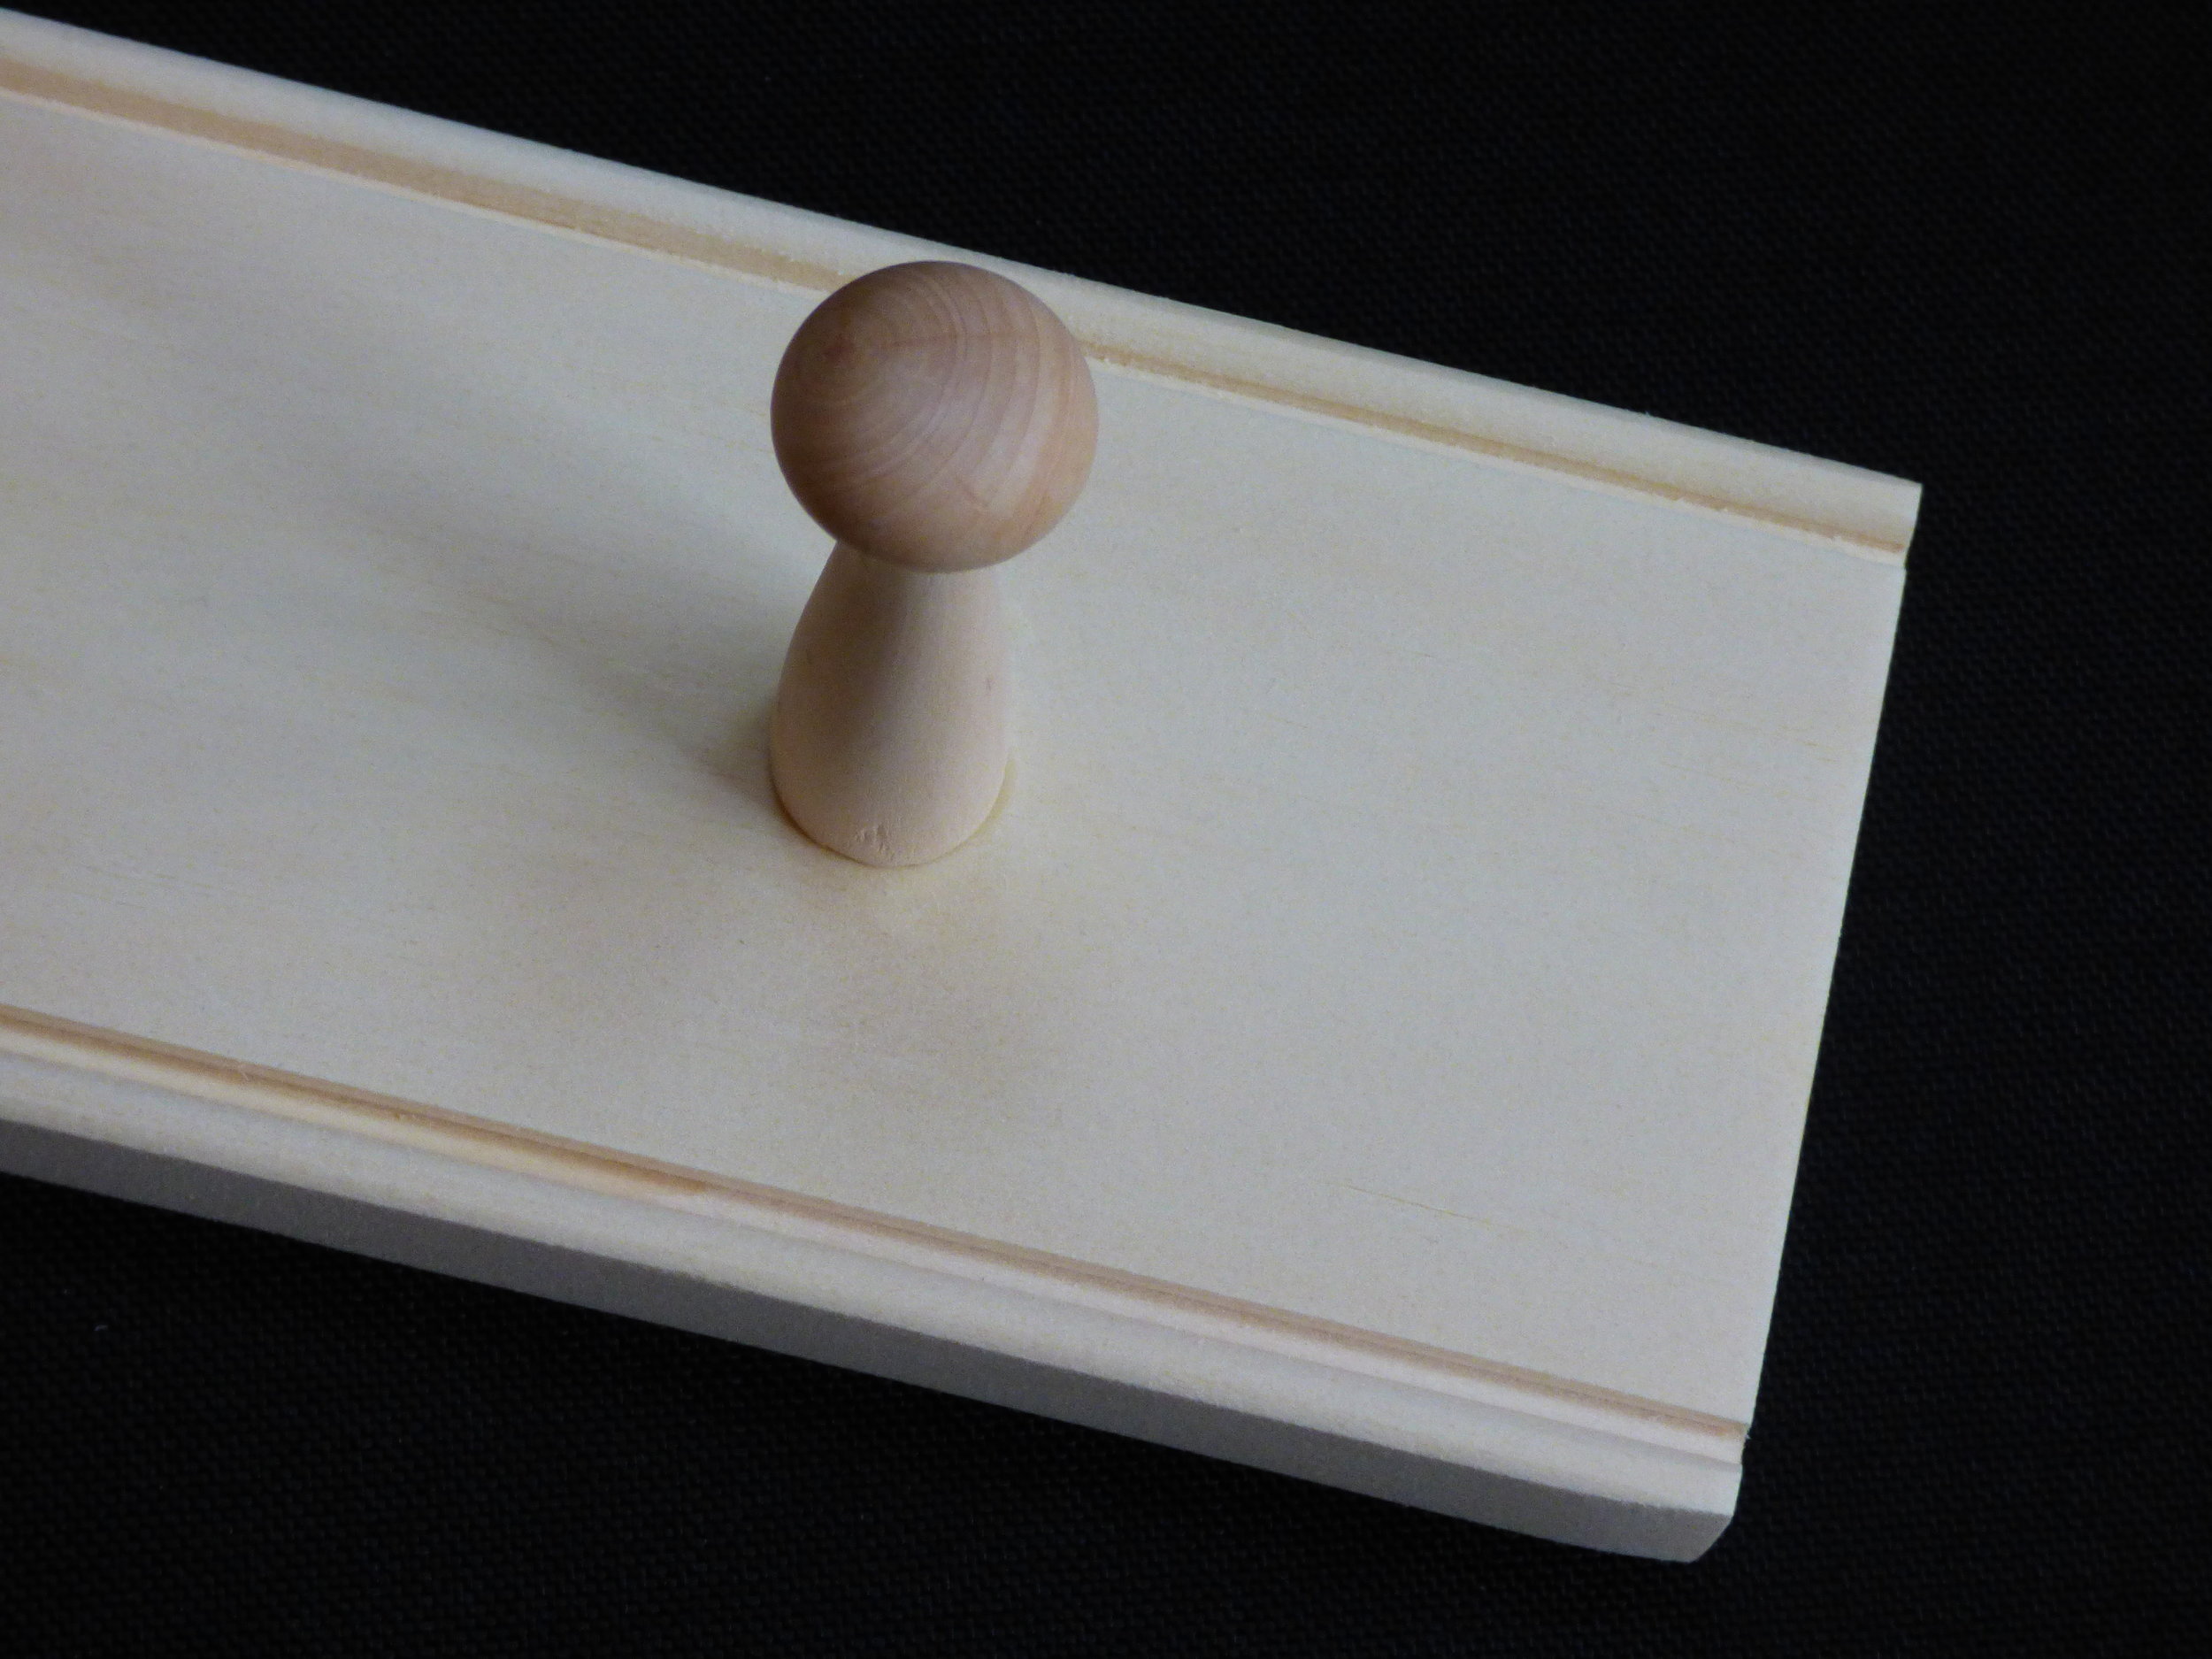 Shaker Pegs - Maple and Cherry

....................

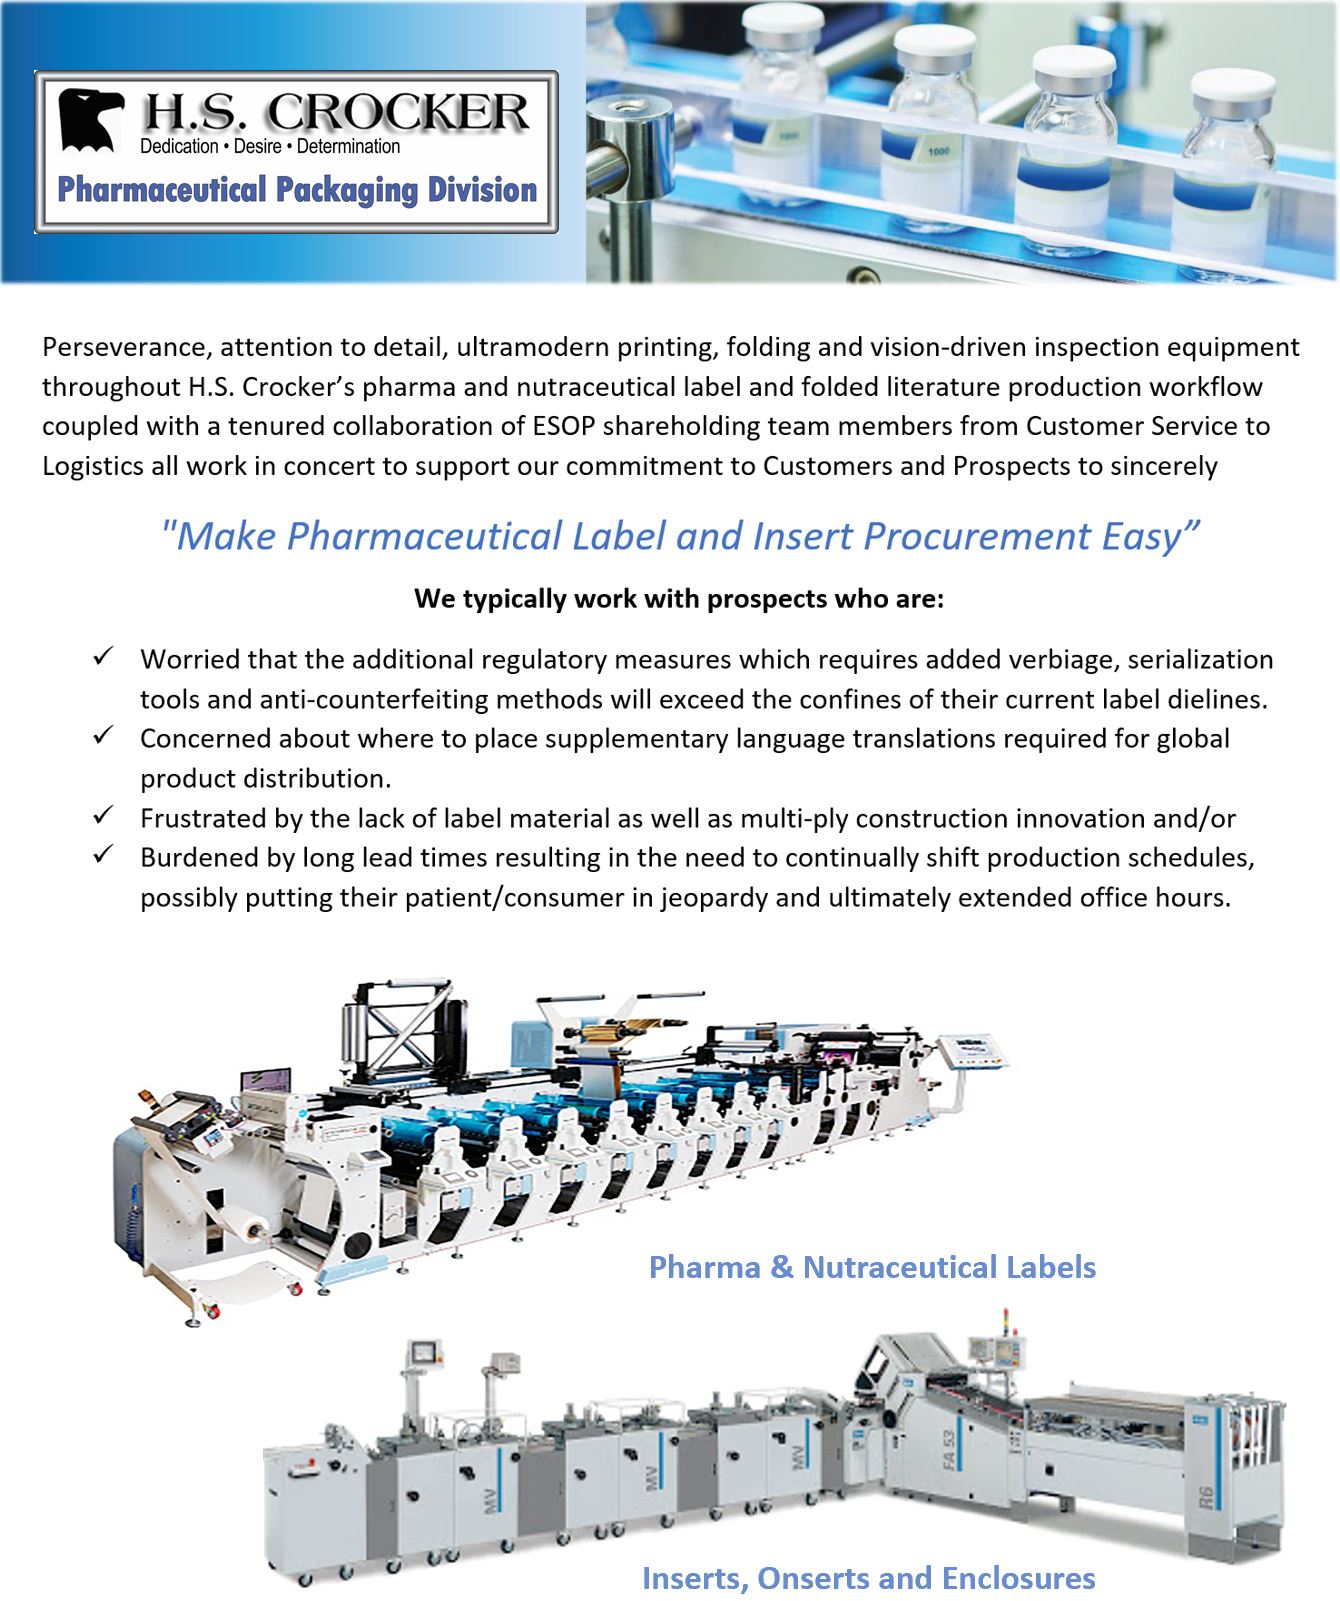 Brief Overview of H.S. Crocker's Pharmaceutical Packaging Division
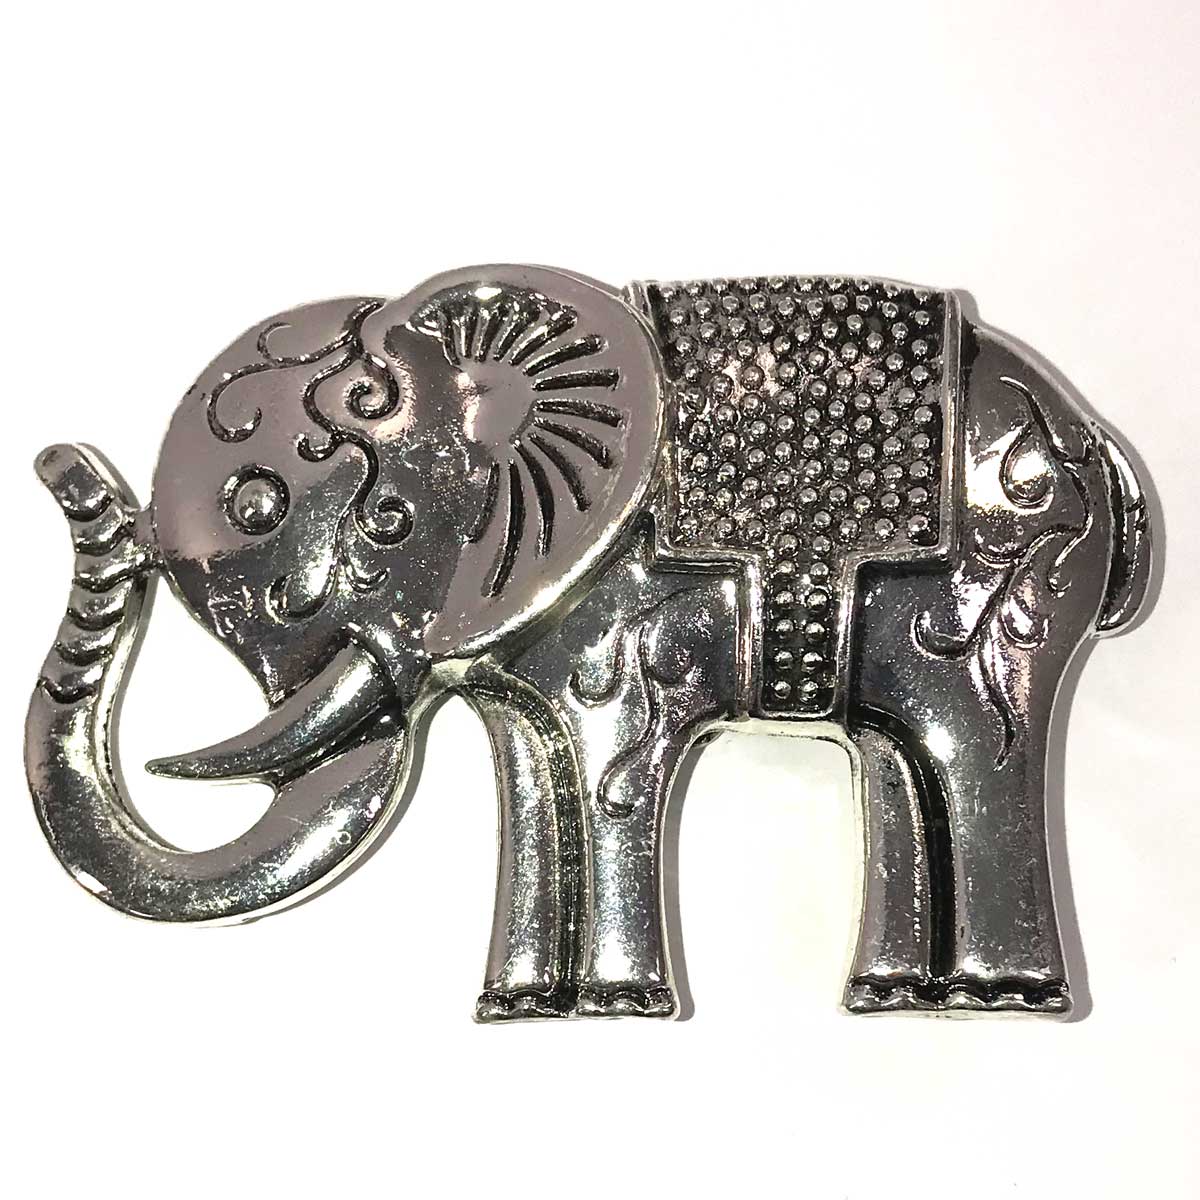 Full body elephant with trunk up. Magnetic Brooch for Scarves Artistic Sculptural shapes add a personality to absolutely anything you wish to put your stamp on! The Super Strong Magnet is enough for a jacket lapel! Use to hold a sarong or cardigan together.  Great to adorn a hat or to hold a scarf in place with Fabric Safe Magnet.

....................

**Exercise goal**
The answer should consist only of the lines above from the one with "Brief Overview of" through the one with "Full body elephant", repeated exactly, with no pictures among them.

**Problem solution**
 Brief Overview of H.S. Crocker's Pharmaceutical Packaging Division
 Full body elephant with trunk up. Magnetic Brooch for Scarves Artistic Sculptural shapes add a personality to absolutely anything you wish to put your stamp on! The Super Strong Magnet is enough for a jacket lapel! Use to hold a sarong or cardigan together.  Great to adorn a hat or to hold a scarf in place with Fabric Safe Magnet.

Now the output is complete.